Study Shows That “Right-to-Repair” Stifles Innovation and Threatens Consumer Safety

On December 7th, the National Association of Manufacturers released a study that emphasized the implications surrounding “right to repair” within a variety of industries. Particularly, the study investigated the risks associated with bypassing manufacturers or authorized servicers, which is a consequence of supporting this type of legislation.

The paper ultimately highlights seven key points, diving into what OEMs are already providing to third-parties, threats to safety and security, impacts to intellectual property rights, and notably how these policies directly counteract many federal laws put in place to protect both manufacturers and consumers.

While the paper’s discussion was centered around the application of right to repair in the automobile industry, these high-level, significant consumer and safety concerns are also reflected in the healthcare industry.
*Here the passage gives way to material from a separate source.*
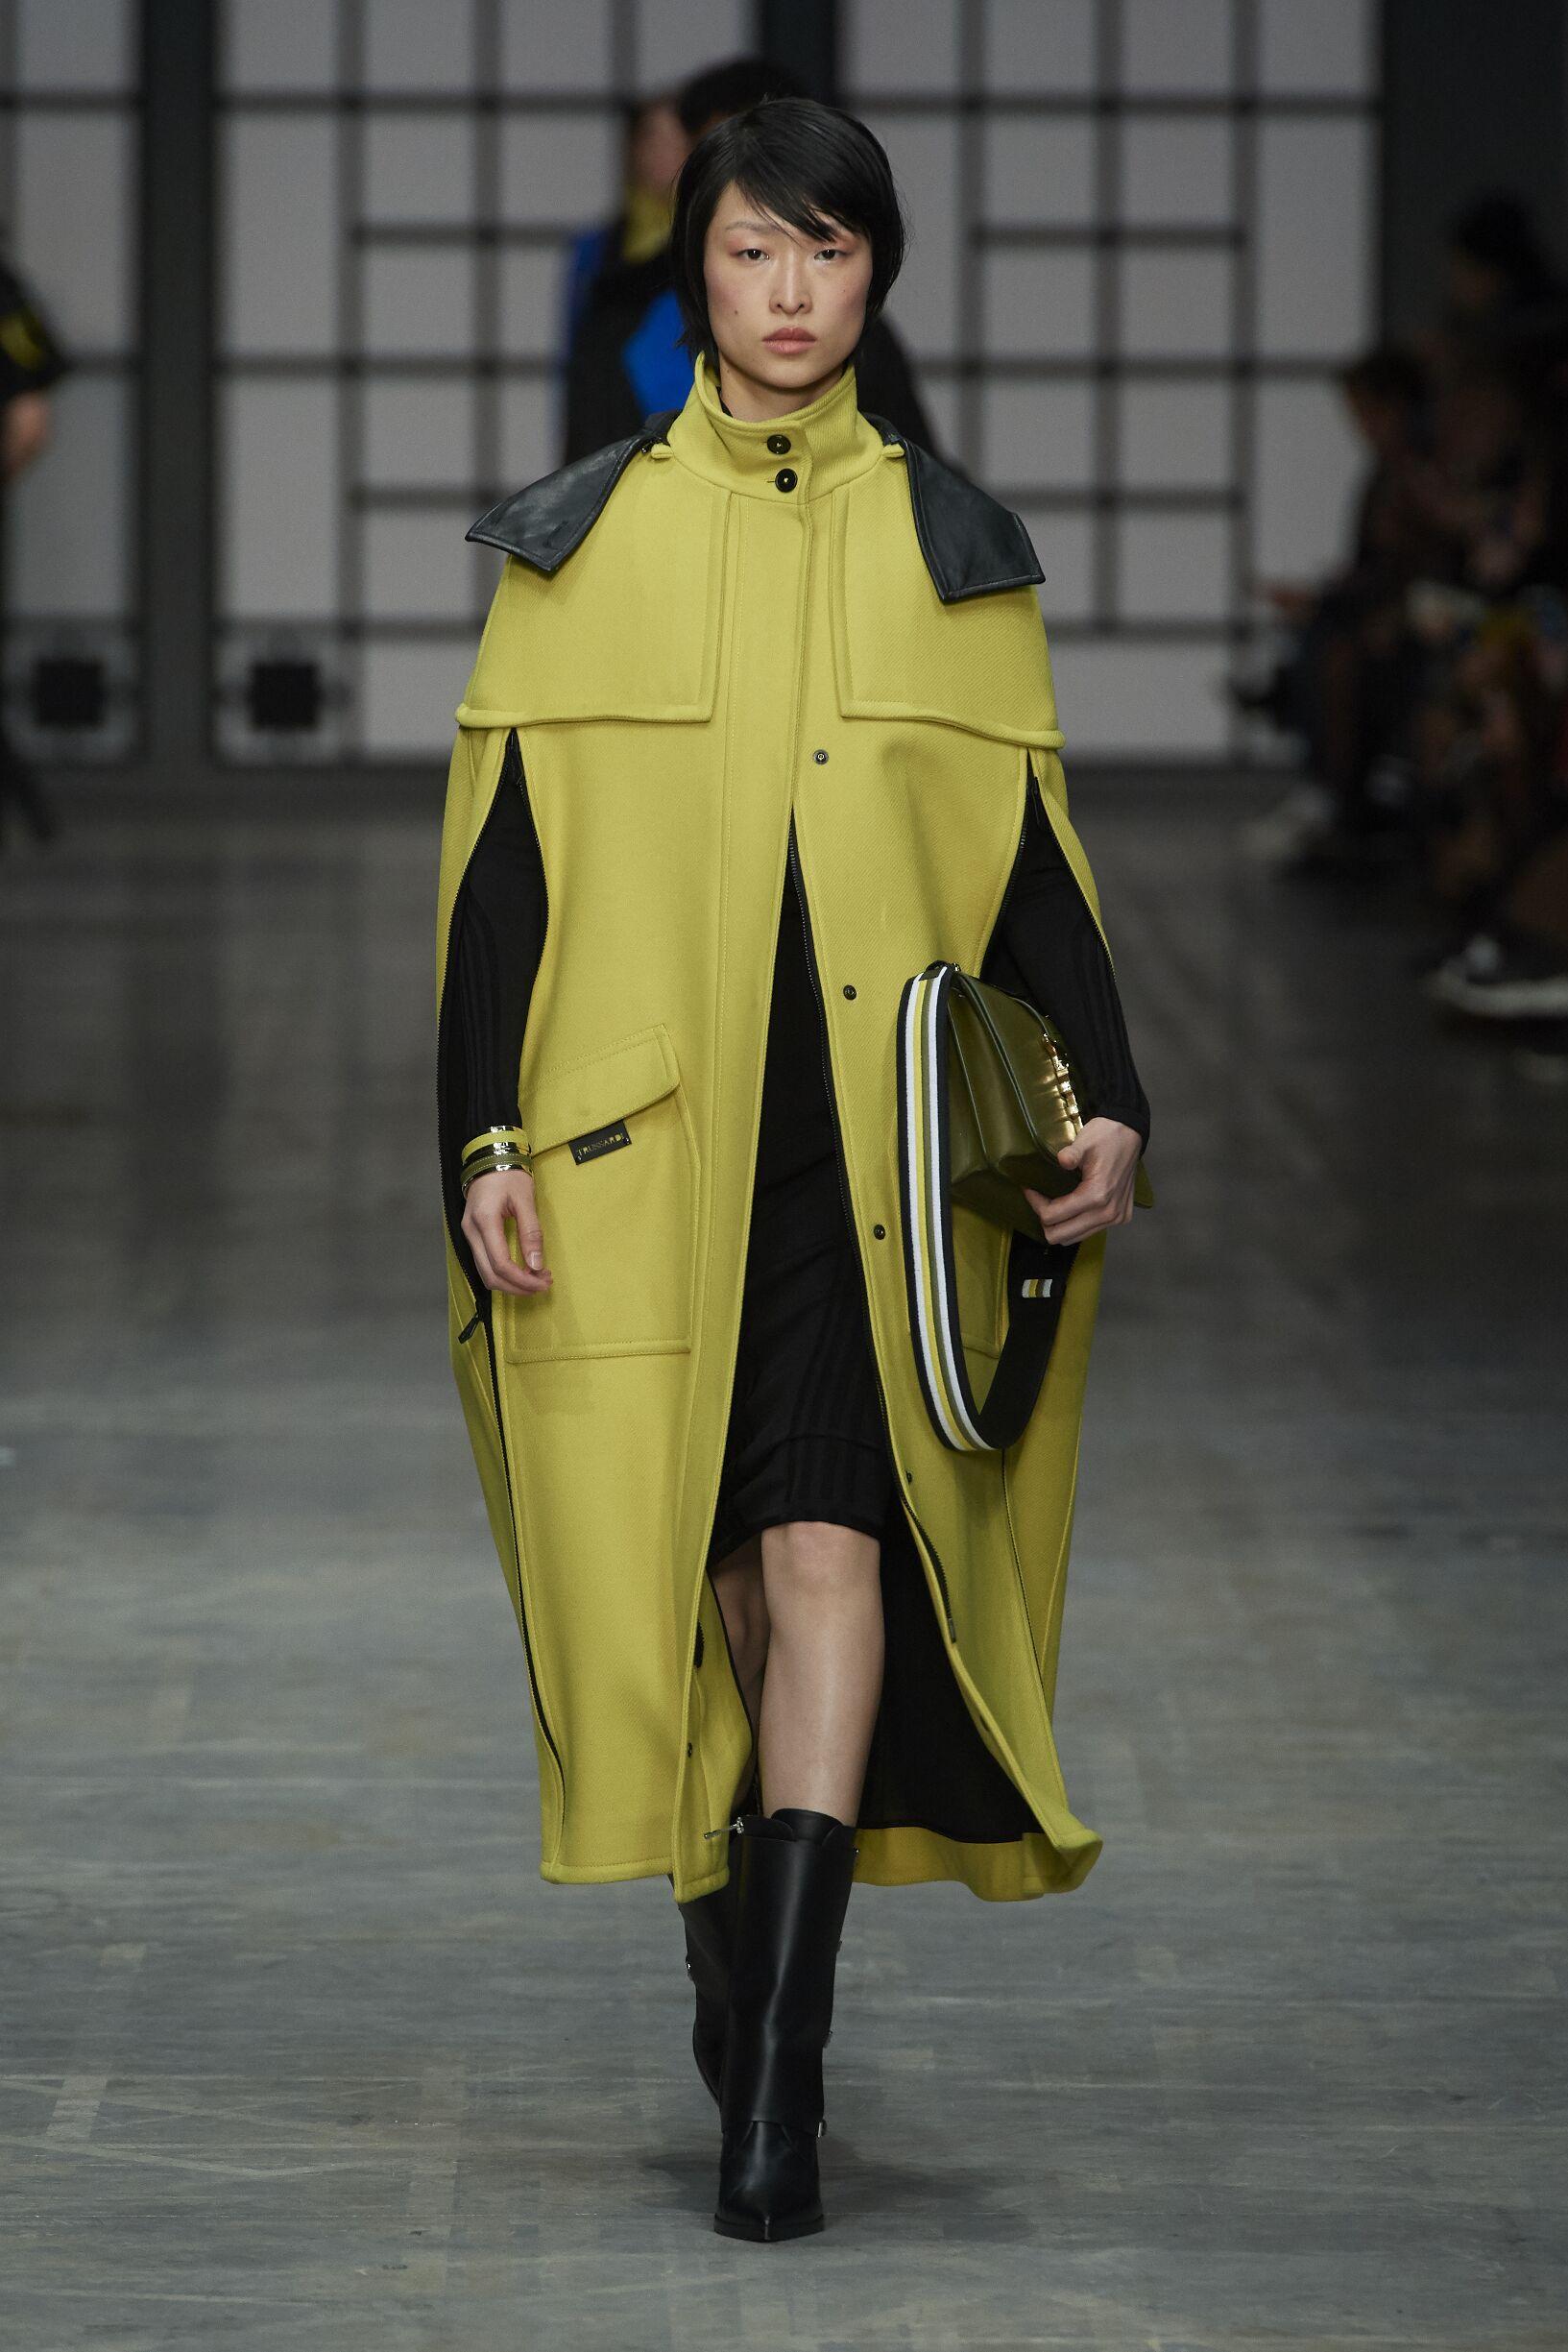 Trussardi Woman Style 2018

Medical devices have now evolved to become a new target for right-to-repair legislation; however, their inclusion could have life-threatening consequences for patients. Not to mention the high risks associated with granting unfettered access to complex software and components in manufactured goods, like these precision instruments.

Overall, it continues to remain crystal-clear that the risks far outweigh the benefits when it comes to right to repair legislation and medical devices, and states across the nation should use this information to better inform their upcoming legislative decisions. The decision to introduce medical devices to this risky policy will create unintended consequences that will increasingly jeopardize consumer safety.